It looks like the fastest way to do this is simply a[mask[a]]
. I wrote a quick test which shows the difference in speed of the two methods depending on the coverage of the mask, p (the number of true items / n).
import timeit
import matplotlib.pyplot as plt
import numpy as np
n = 10000
p = 0.25
slow_times = []
fast_times = []
p_space = np.linspace(0, 1, 100)
for p in p_space:
mask = np.random.choice([True, False], n, p=[p, 1 - p])
a = np.arange(n)
np.random.shuffle(a)
y = np.array([x for x in a if mask[x]])
z = a[mask[a]]
n_test = 100
t1 = timeit.timeit(lambda: np.array([x for x in a if mask[x]]), number=n_test)
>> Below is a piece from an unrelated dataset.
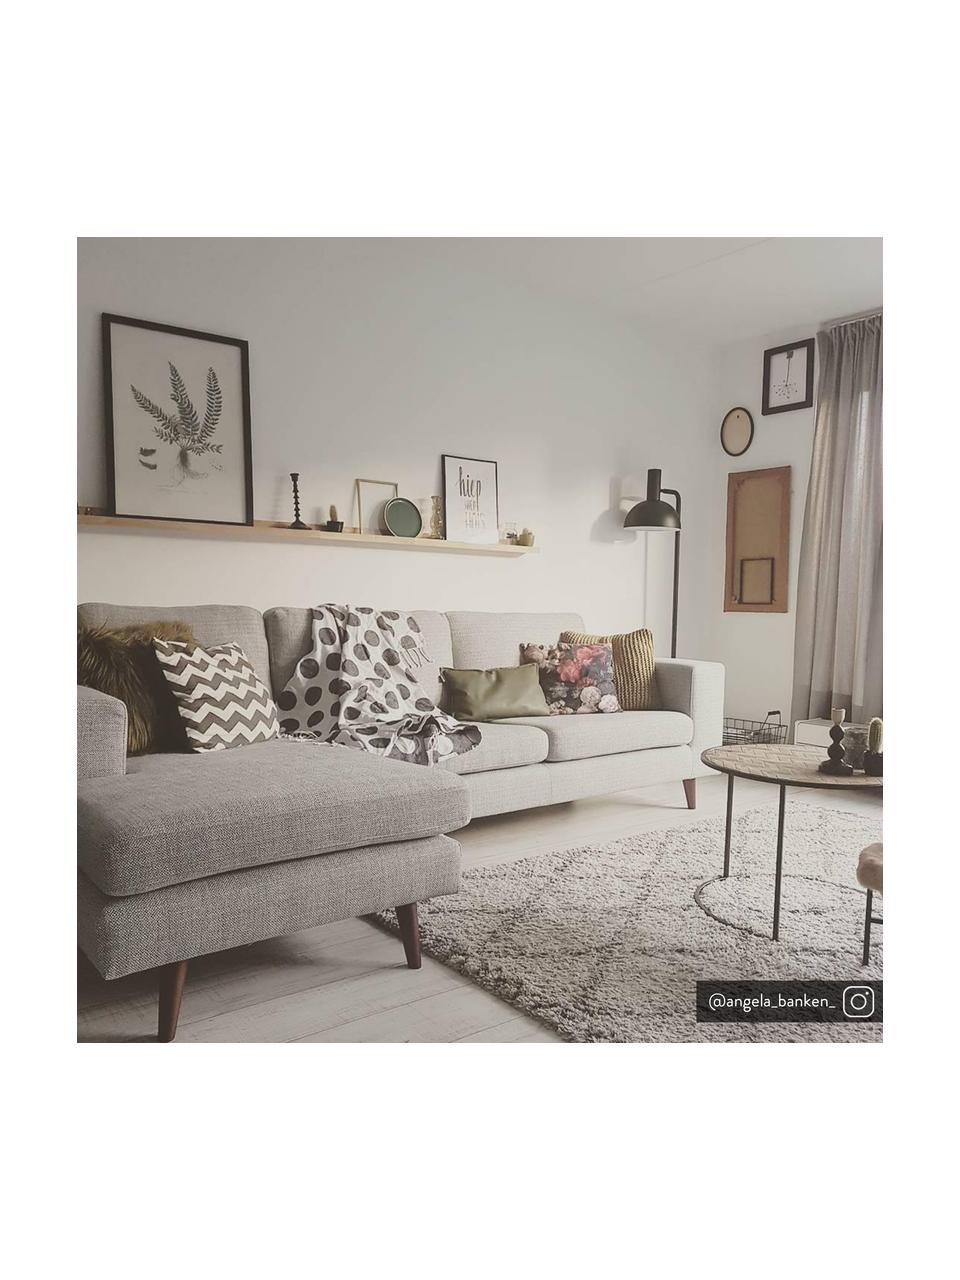 Divano angolare in tessuto grigio chiaro Norwich, Rivestimento: poliestere, Piedini: legno di faggio, vernicia, Tessuto grigio chiaro, Larg. 233 x Prof. 148 cm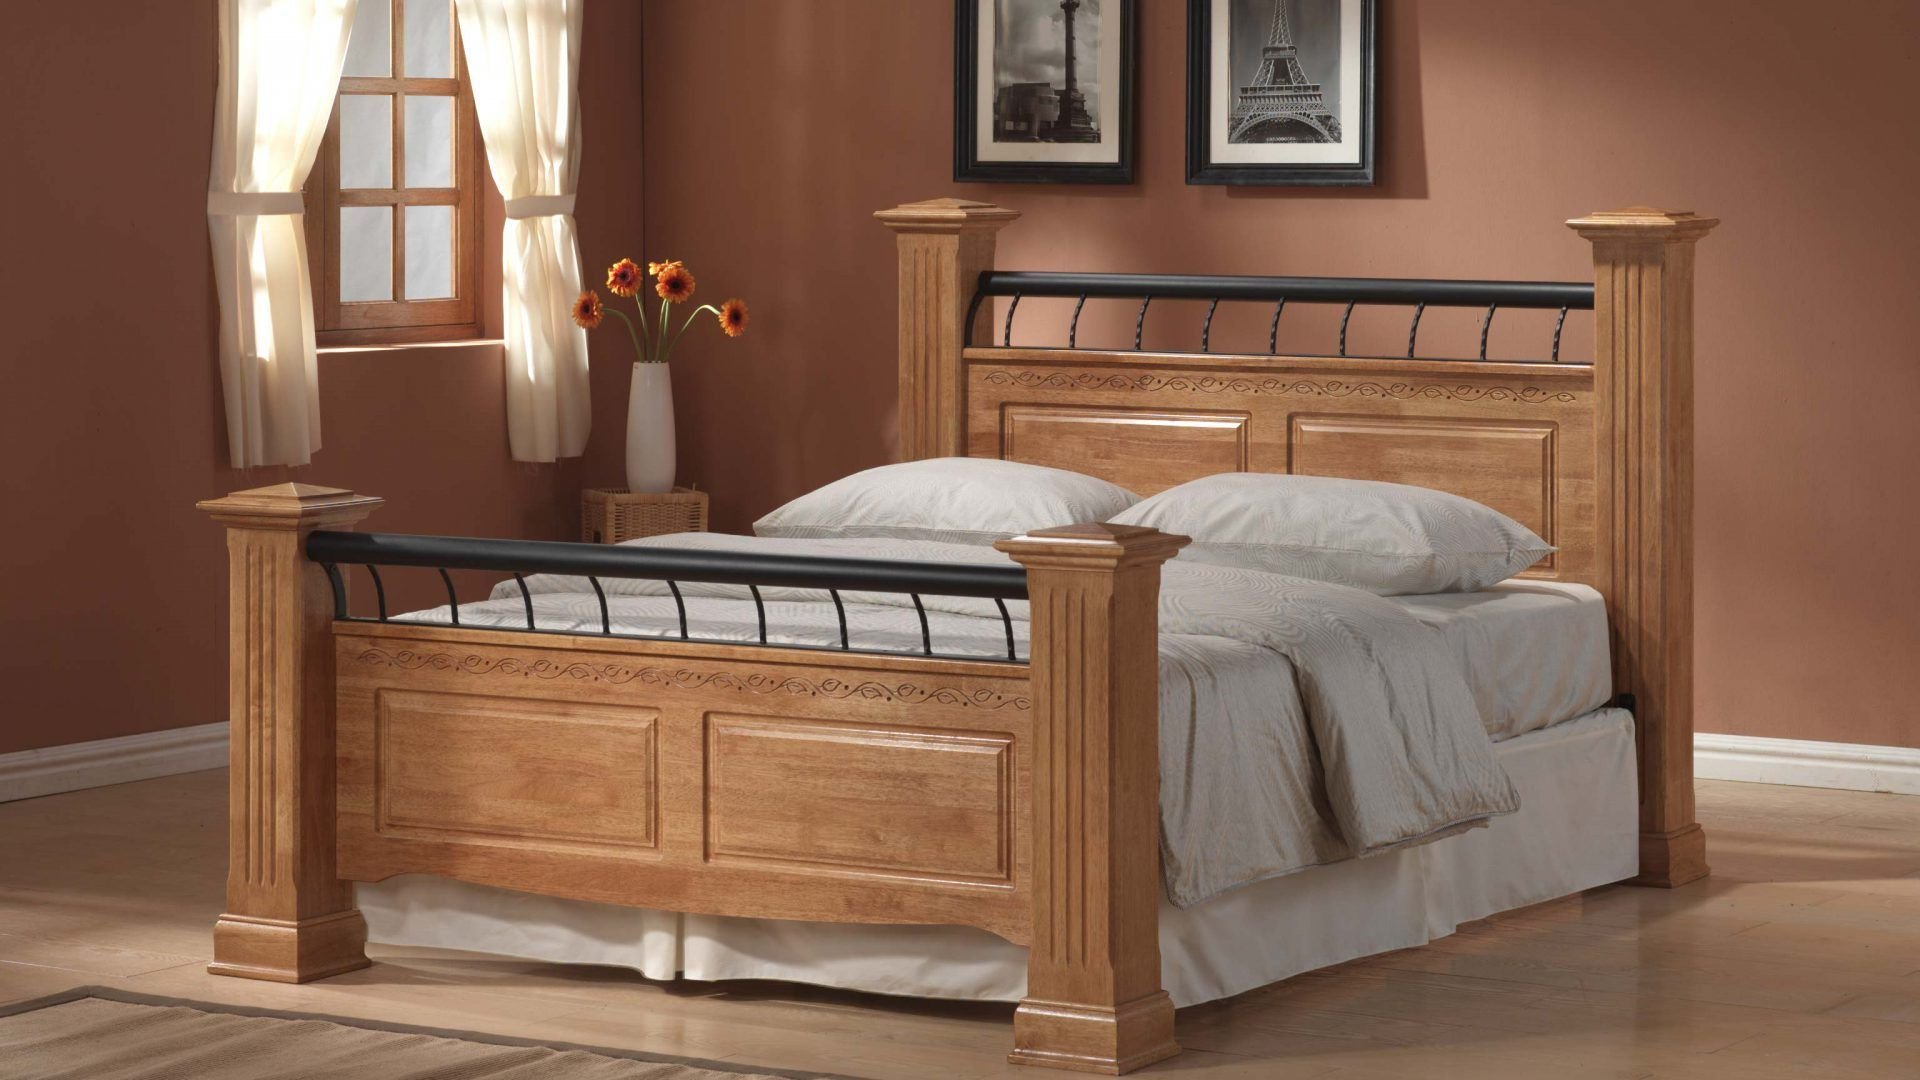 Wooden Bed Design Wooden Bed Design 2019 Wooden Bed Design Ideas Wooden Bed Design Ideas In 2019 Woode Luxury Wooden Bed Oak Bed Frame Wooden King Size Bed

t2 = timeit.timeit(lambda: a[mask[a]], number=n_test)
slow_times.append(t1)
fast_times.append(t2)
plt.plot(p_space, slow_times, label='slow')
plt.plot(p_space, fast_times, label='fast')
plt.xlabel('p (# true items in mask)')
plt.ylabel('time (ms)')
plt.legend()
plt.title('Speed of method vs. coverage of mask')
plt.show()
Which gave me this plot

So this method is a whole lot faster regardless of the coverage of mask.